··· Task inputs
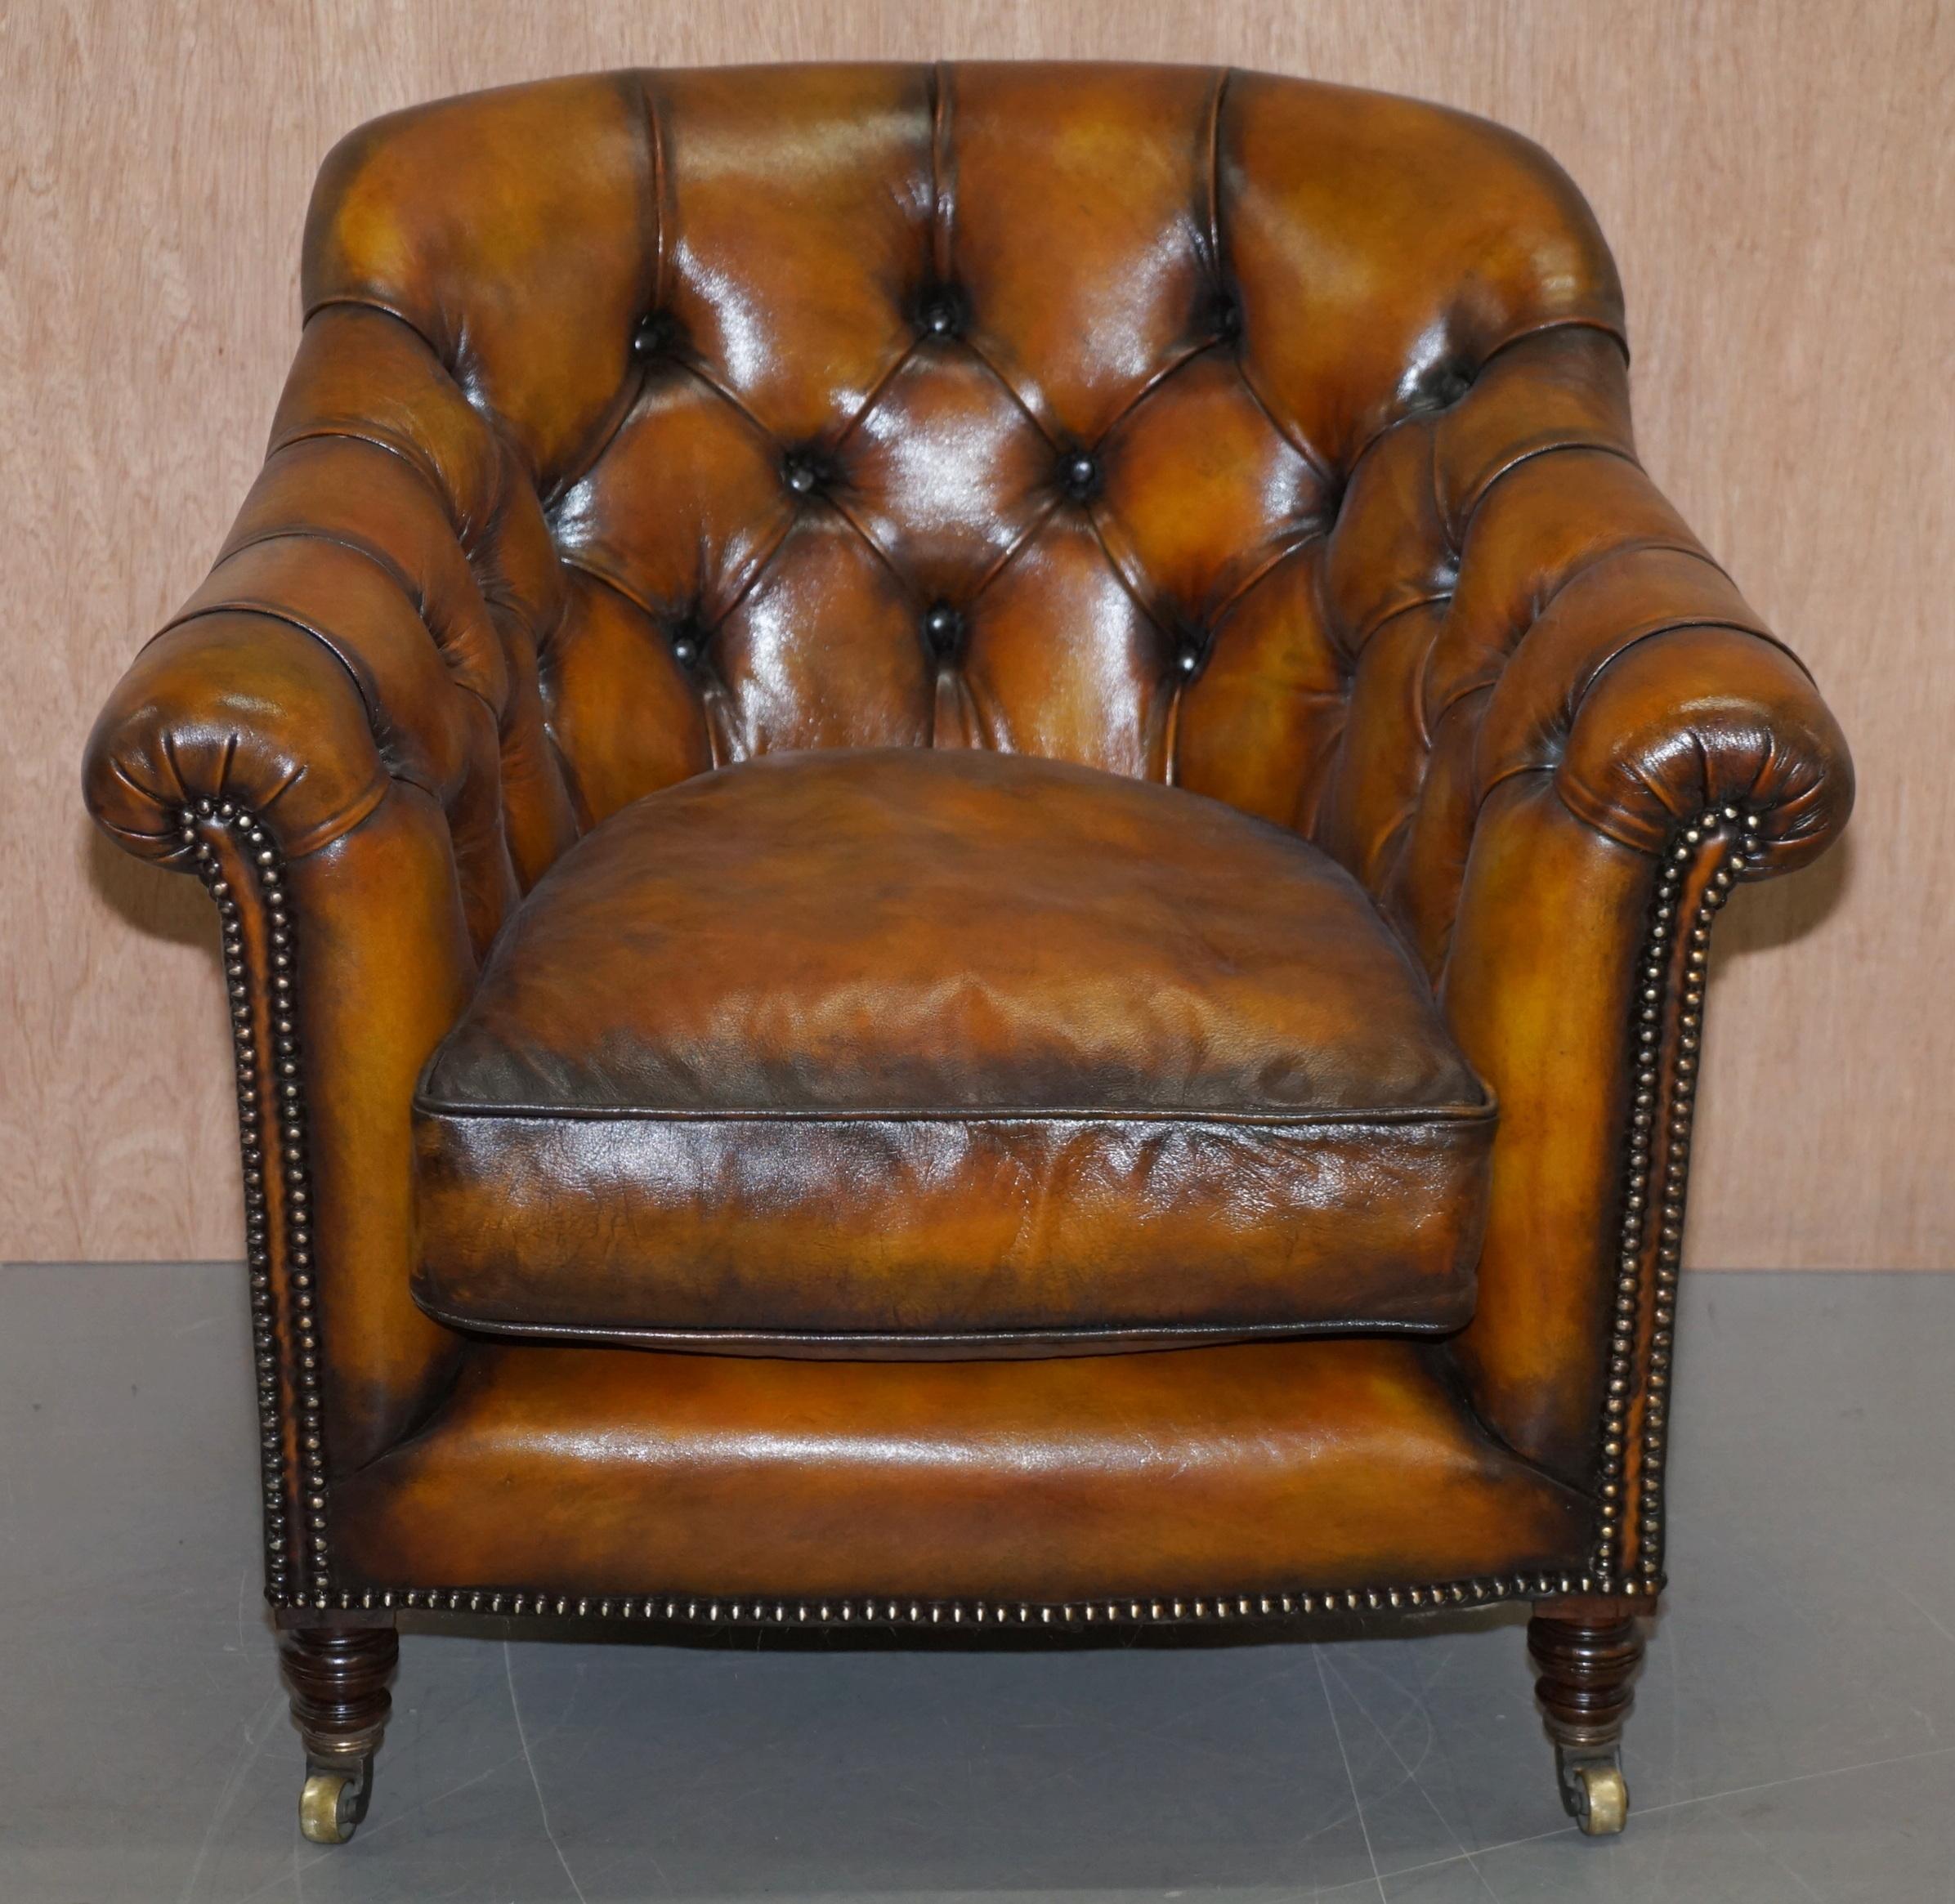 We are delighted to offer for sale this very rare original Howard and Sons stamped with original castors Victorian fully restored hand dyed brown leather club armchair

Never again will you see such a fine period example, the inside back leg is
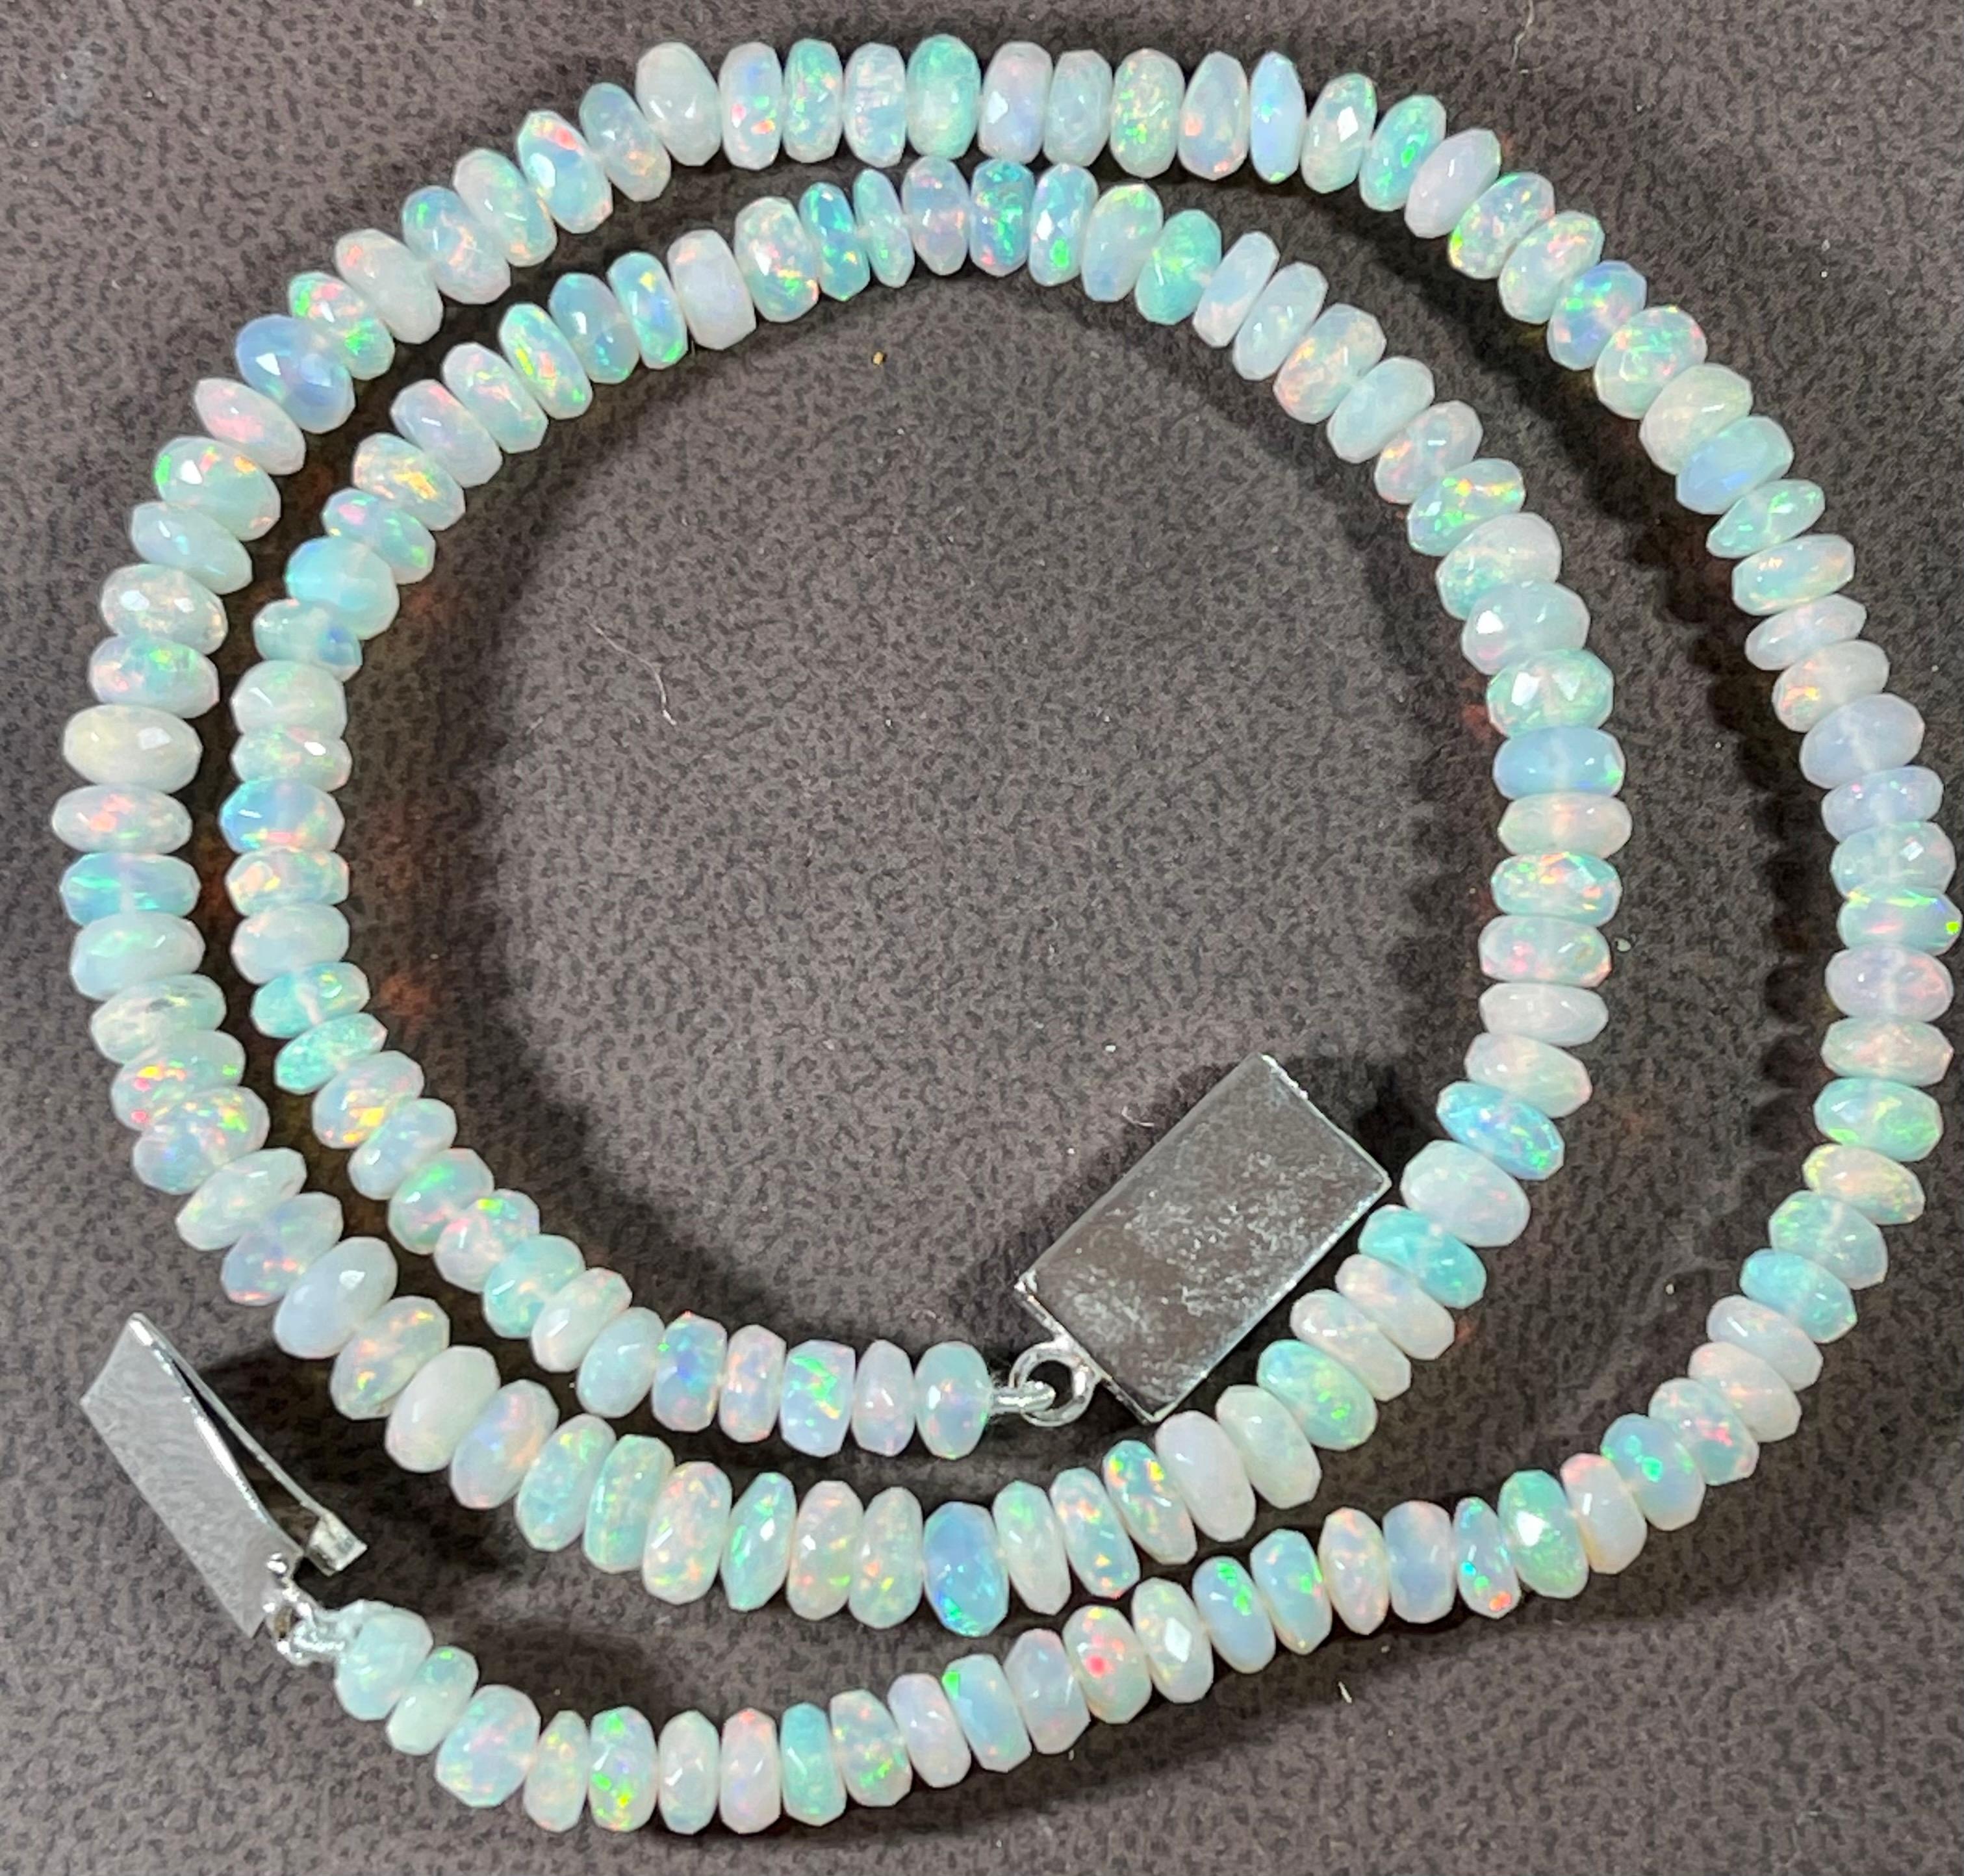  
A great gift item 
Natural Opal single strand Bead Necklace with Silver Clasp 
16
······
§ Task prompt: Each entry should be set down exactly, pictures excluded.

§ Solution:
 We are delighted to offer for sale this very rare original Howard and Sons stamped with original castors Victorian fully restored hand dyed brown leather club armchair

Never again will you see such a fine period example, the inside back leg is
A great gift item 
Natural Opal single strand Bead Necklace with Silver Clasp 
16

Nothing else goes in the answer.